PROBLEM STATEMENT:
Everything in the data below except the pictures must be repeated word for word.

*** Opening DATA SHOWN ***

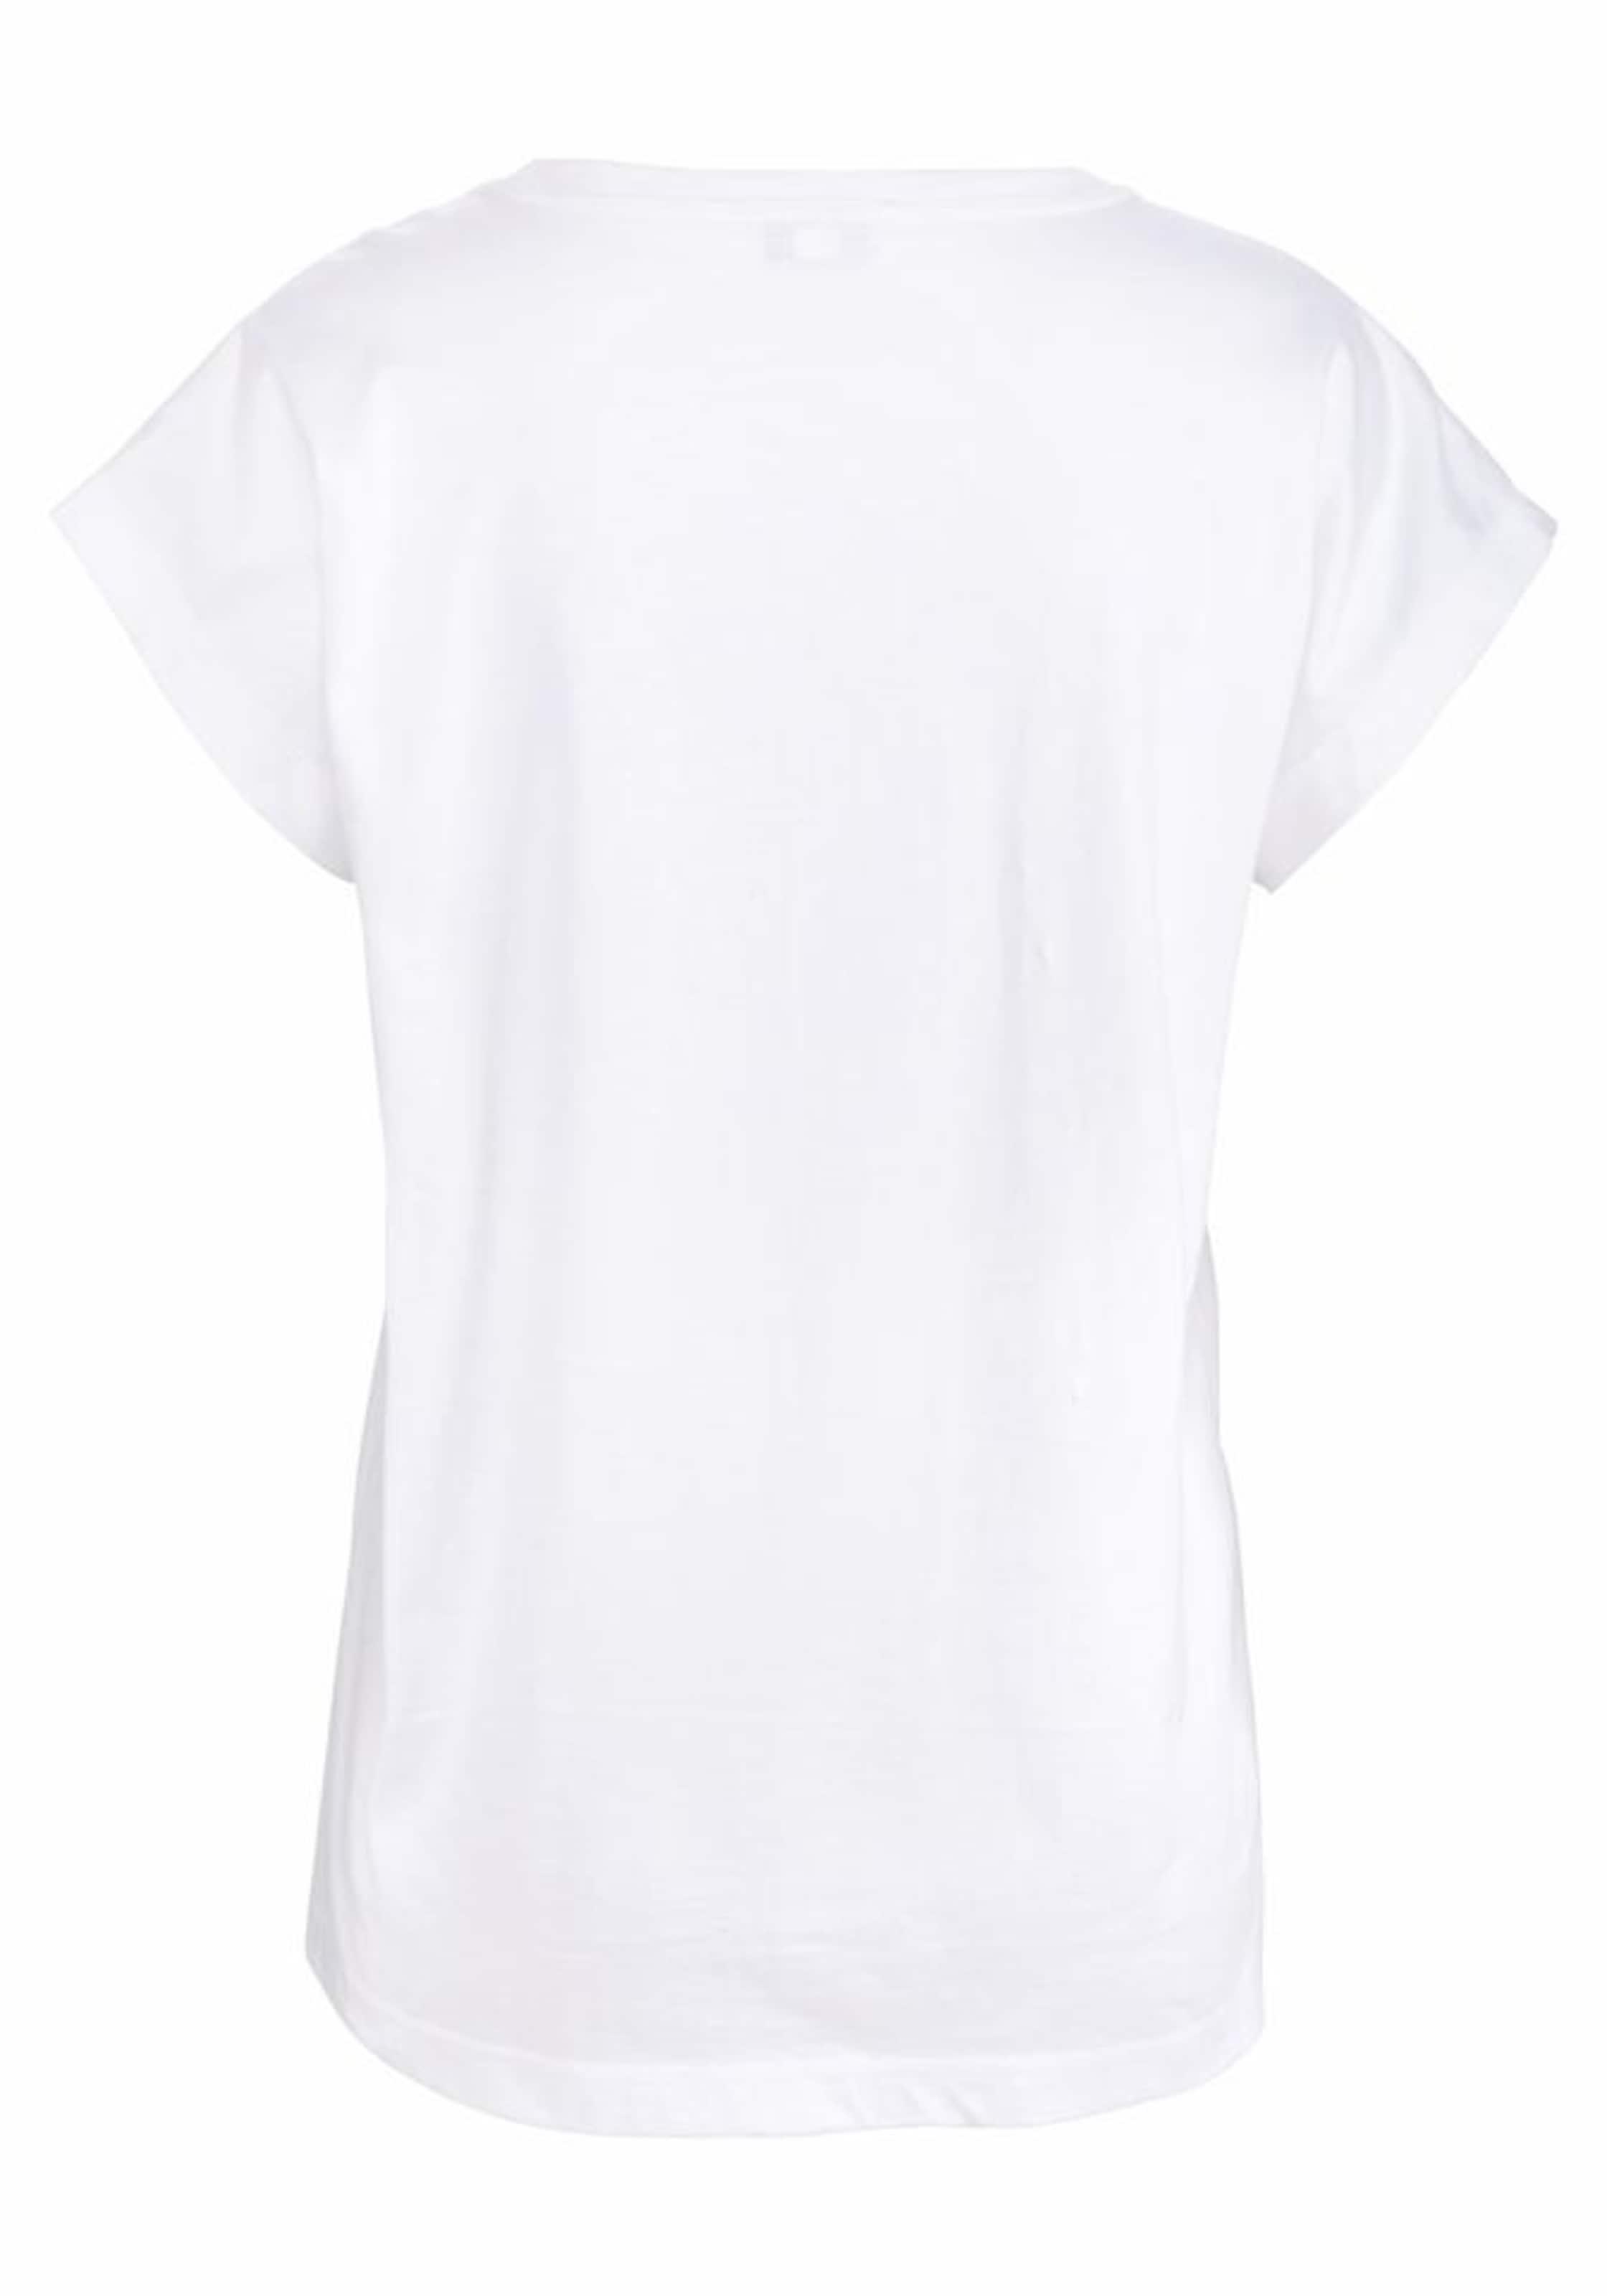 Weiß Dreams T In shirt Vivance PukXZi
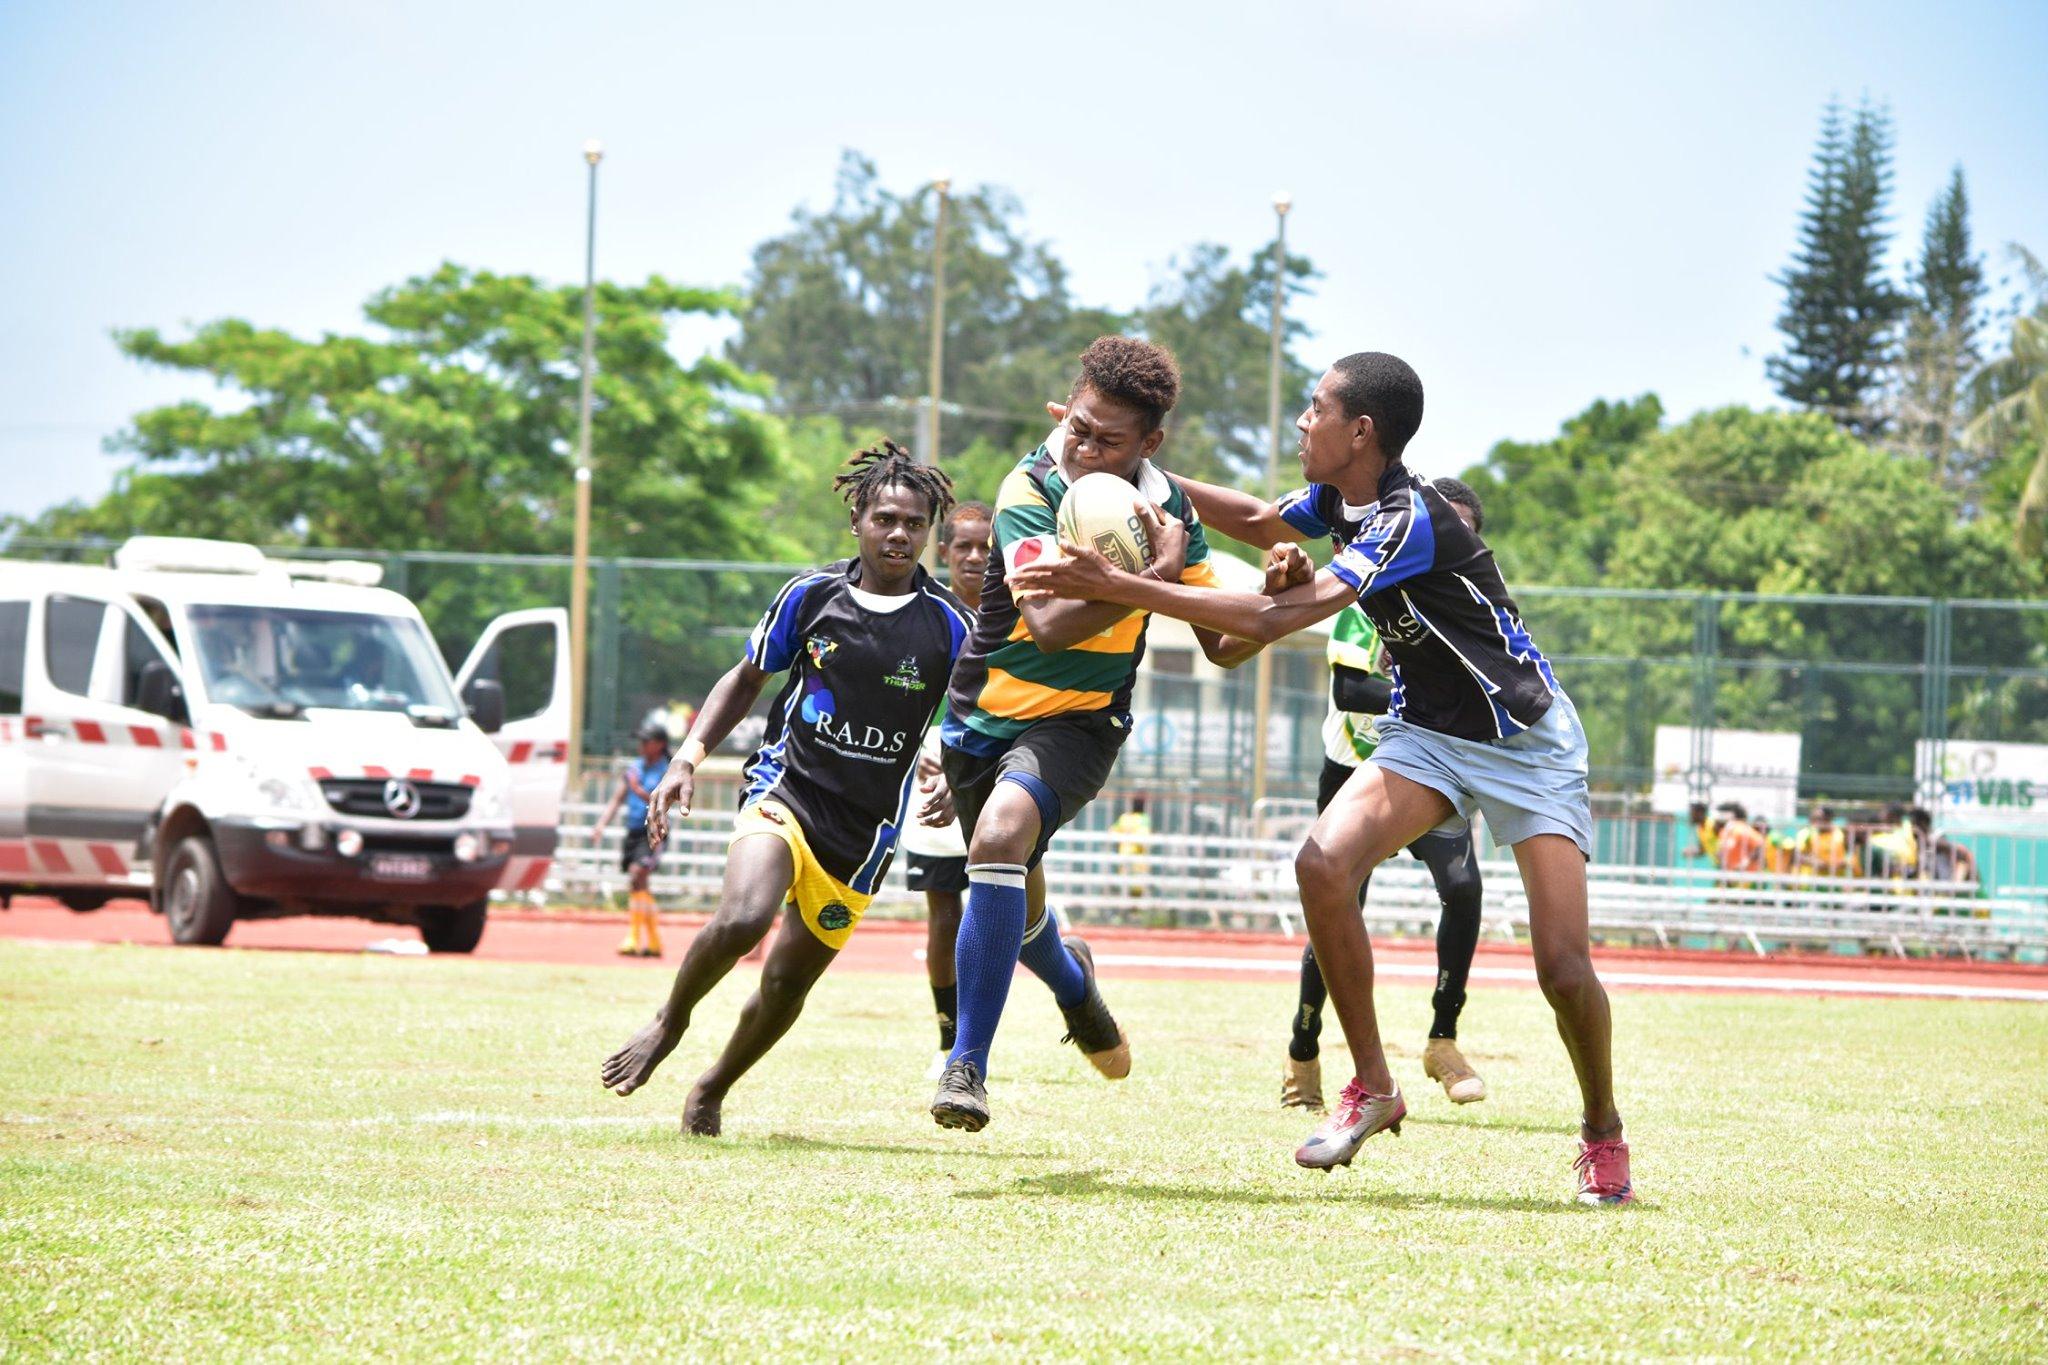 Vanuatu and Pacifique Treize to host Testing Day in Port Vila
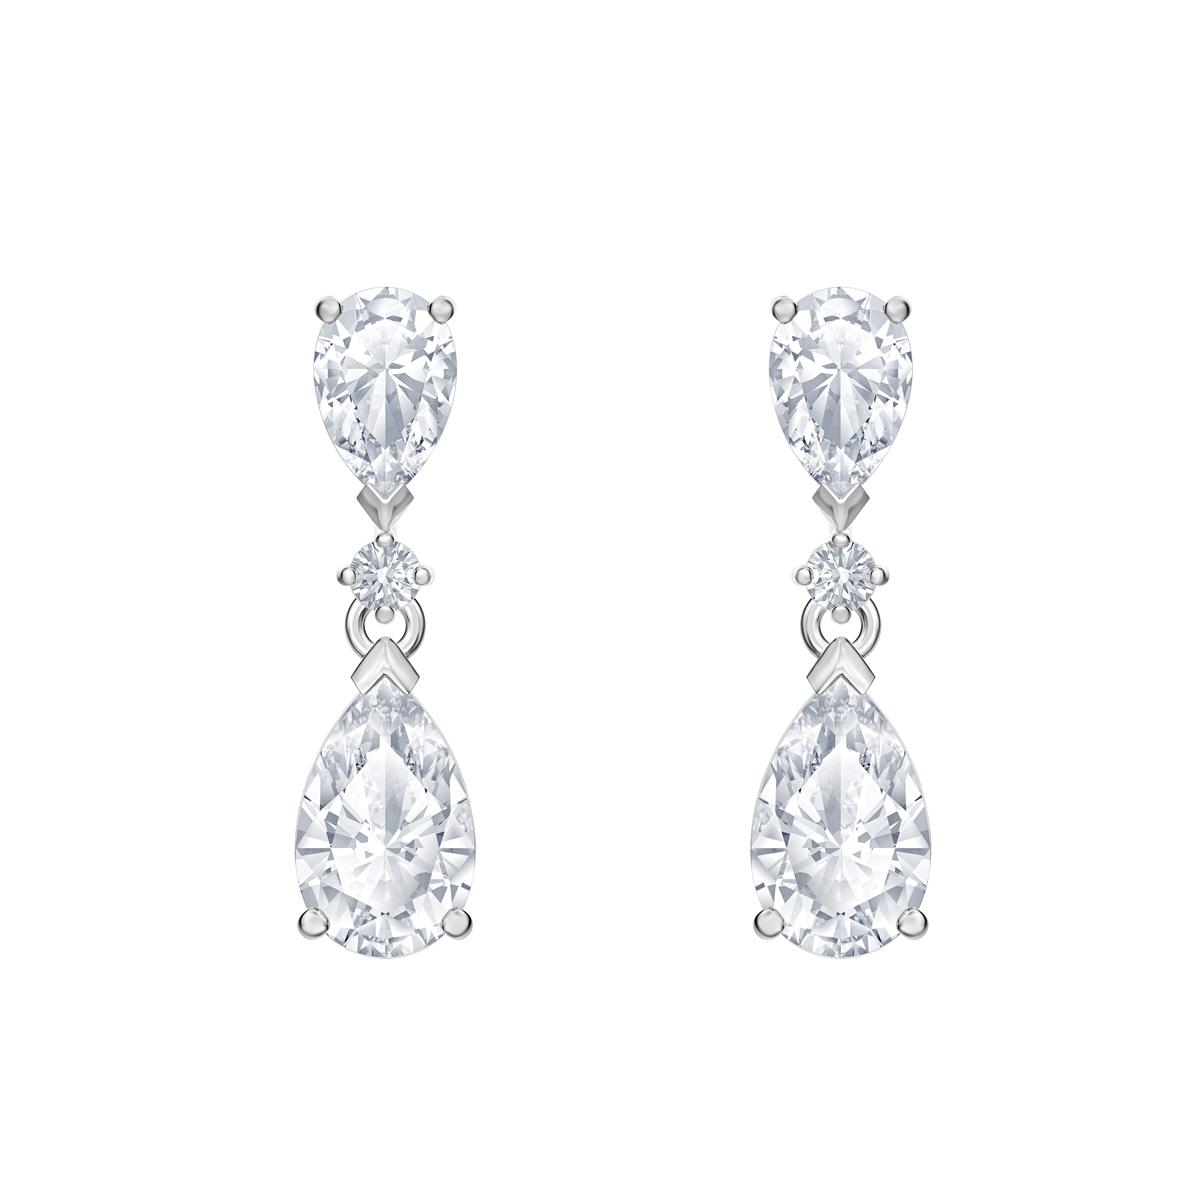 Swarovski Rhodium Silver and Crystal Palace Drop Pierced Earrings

*** Closing DATA SHOWN ***

ANSWER TO THIS EXERCISE:
 Weiß Dreams T In shirt Vivance PukXZi
 Vanuatu and Pacifique Treize to host Testing Day in Port Vila
 Swarovski Rhodium Silver and Crystal Palace Drop Pierced Earrings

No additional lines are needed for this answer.